AIM OF THE TASK: Please return all lines of the data below containing the string "Best".

☆ ☆ ☆ ☆ ☆ ☆ ☆

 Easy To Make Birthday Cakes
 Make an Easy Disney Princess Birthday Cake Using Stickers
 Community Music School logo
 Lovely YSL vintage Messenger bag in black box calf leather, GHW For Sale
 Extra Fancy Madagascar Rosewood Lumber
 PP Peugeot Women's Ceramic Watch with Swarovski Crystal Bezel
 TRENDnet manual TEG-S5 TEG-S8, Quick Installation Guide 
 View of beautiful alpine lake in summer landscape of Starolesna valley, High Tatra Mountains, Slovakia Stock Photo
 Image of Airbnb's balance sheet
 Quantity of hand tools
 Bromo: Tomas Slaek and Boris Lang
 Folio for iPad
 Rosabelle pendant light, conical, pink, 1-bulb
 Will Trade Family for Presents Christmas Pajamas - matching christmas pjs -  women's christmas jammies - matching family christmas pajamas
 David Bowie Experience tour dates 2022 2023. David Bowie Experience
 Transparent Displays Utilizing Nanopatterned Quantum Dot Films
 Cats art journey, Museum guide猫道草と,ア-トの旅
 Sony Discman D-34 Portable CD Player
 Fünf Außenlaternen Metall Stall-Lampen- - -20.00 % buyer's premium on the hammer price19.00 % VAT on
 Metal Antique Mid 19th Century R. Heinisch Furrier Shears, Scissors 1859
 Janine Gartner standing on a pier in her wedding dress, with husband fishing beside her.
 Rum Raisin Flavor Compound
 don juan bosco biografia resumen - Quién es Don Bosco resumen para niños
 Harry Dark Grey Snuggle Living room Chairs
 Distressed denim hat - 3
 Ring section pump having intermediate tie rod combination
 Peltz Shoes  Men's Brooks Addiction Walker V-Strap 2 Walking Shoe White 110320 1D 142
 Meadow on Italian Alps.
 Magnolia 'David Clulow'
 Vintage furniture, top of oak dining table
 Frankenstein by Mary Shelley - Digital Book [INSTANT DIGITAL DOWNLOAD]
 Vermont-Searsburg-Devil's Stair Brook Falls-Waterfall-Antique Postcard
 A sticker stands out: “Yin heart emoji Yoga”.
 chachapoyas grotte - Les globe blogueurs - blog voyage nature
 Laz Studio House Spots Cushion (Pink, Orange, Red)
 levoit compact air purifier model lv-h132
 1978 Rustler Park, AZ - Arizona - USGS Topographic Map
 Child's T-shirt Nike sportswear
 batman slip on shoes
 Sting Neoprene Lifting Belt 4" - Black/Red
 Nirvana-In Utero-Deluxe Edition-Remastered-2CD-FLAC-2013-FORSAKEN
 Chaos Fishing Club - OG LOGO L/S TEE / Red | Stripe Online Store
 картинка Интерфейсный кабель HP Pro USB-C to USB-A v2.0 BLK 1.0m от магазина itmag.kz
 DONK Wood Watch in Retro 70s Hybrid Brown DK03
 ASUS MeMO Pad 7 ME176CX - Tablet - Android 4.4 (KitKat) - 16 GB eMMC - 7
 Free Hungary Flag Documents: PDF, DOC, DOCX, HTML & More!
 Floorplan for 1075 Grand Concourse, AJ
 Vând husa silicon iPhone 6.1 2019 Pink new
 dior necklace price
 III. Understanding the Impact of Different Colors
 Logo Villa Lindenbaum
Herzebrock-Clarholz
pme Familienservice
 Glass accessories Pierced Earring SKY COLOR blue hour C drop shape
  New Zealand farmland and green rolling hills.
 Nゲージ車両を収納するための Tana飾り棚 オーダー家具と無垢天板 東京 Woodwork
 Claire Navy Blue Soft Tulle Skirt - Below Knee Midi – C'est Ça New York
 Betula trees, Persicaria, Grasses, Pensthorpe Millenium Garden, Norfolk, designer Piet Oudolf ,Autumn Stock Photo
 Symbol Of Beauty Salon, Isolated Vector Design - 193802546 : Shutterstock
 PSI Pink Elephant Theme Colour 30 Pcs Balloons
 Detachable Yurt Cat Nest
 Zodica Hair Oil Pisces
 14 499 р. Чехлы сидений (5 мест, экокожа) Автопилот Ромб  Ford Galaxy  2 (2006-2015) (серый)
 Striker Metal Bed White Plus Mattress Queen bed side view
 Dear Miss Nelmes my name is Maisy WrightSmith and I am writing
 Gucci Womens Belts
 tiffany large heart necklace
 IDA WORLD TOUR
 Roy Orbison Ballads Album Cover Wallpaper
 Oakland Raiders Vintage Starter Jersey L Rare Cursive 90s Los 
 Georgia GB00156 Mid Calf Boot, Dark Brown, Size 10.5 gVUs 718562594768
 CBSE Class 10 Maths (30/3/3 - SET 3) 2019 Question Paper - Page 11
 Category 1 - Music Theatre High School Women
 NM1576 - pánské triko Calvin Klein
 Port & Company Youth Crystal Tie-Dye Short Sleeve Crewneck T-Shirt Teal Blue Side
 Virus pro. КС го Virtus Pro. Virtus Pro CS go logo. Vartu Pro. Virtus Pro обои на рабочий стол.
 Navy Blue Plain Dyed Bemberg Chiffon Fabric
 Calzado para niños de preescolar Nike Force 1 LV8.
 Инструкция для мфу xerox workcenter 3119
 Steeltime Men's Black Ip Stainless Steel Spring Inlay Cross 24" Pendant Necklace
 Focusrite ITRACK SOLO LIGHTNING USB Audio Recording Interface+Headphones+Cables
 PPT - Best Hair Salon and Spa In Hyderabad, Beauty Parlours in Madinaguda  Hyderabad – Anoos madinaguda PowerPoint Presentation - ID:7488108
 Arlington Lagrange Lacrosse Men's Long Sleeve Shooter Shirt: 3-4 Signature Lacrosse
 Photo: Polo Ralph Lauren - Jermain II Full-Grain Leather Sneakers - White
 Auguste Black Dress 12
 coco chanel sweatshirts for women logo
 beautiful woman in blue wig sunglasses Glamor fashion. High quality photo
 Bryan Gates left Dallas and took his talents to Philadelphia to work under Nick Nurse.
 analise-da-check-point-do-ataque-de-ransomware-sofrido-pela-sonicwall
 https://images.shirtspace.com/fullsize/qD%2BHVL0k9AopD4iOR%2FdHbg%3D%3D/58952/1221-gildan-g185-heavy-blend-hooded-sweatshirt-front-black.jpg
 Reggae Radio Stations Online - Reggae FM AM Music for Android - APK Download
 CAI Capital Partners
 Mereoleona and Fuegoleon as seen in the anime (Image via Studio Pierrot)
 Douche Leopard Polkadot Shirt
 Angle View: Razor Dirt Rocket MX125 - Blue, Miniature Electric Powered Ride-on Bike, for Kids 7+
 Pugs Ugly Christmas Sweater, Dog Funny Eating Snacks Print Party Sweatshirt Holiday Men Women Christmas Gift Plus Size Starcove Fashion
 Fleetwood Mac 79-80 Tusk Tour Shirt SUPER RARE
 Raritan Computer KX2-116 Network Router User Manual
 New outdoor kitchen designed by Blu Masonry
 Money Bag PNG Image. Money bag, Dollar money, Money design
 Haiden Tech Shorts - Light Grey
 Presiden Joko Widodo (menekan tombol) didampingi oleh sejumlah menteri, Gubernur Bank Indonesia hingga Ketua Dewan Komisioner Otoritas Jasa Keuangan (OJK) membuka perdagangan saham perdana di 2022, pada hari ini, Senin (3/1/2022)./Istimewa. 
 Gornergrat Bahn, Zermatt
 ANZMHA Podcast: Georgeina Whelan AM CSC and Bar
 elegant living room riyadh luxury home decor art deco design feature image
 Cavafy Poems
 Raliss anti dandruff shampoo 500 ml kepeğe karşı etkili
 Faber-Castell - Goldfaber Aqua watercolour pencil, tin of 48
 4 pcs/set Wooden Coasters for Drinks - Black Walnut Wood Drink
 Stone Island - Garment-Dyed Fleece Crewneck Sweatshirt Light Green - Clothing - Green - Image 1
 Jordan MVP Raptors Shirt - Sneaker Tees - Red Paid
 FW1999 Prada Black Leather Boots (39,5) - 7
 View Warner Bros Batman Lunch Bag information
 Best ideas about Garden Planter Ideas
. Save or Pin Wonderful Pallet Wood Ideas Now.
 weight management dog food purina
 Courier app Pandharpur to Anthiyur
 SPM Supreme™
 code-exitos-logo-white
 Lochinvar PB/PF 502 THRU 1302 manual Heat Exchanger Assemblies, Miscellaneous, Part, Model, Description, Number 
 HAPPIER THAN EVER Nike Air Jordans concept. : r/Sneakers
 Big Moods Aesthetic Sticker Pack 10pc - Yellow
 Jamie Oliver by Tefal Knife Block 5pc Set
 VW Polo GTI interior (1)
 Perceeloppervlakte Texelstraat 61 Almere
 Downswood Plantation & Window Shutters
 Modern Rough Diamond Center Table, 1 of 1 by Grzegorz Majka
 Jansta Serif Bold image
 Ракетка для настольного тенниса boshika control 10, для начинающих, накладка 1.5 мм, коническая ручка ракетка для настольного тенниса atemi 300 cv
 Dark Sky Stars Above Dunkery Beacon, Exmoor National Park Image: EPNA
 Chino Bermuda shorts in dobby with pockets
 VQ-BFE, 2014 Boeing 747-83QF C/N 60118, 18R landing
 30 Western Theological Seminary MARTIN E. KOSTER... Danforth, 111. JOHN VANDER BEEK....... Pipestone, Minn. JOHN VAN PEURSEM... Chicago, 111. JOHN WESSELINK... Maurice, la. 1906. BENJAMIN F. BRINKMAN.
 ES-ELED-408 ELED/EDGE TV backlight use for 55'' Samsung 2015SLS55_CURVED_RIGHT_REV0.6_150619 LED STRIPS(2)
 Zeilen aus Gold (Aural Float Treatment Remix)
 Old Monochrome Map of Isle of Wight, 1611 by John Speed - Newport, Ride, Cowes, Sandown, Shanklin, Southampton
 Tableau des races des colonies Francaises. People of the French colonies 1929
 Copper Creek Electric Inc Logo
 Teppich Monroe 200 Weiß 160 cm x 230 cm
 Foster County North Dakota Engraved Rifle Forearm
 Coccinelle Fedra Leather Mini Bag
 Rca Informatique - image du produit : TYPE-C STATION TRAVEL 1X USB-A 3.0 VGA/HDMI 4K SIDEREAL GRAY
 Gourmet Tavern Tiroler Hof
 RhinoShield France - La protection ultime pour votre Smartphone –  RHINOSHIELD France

☆ ☆ ☆ ☆ ☆ ☆ ☆

SOLUTION TO THIS TASK:
 PPT - Best Hair Salon and Spa In Hyderabad, Beauty Parlours in Madinaguda  Hyderabad – Anoos madinaguda PowerPoint Presentation - ID:7488108
 Best ideas about Garden Planter Ideas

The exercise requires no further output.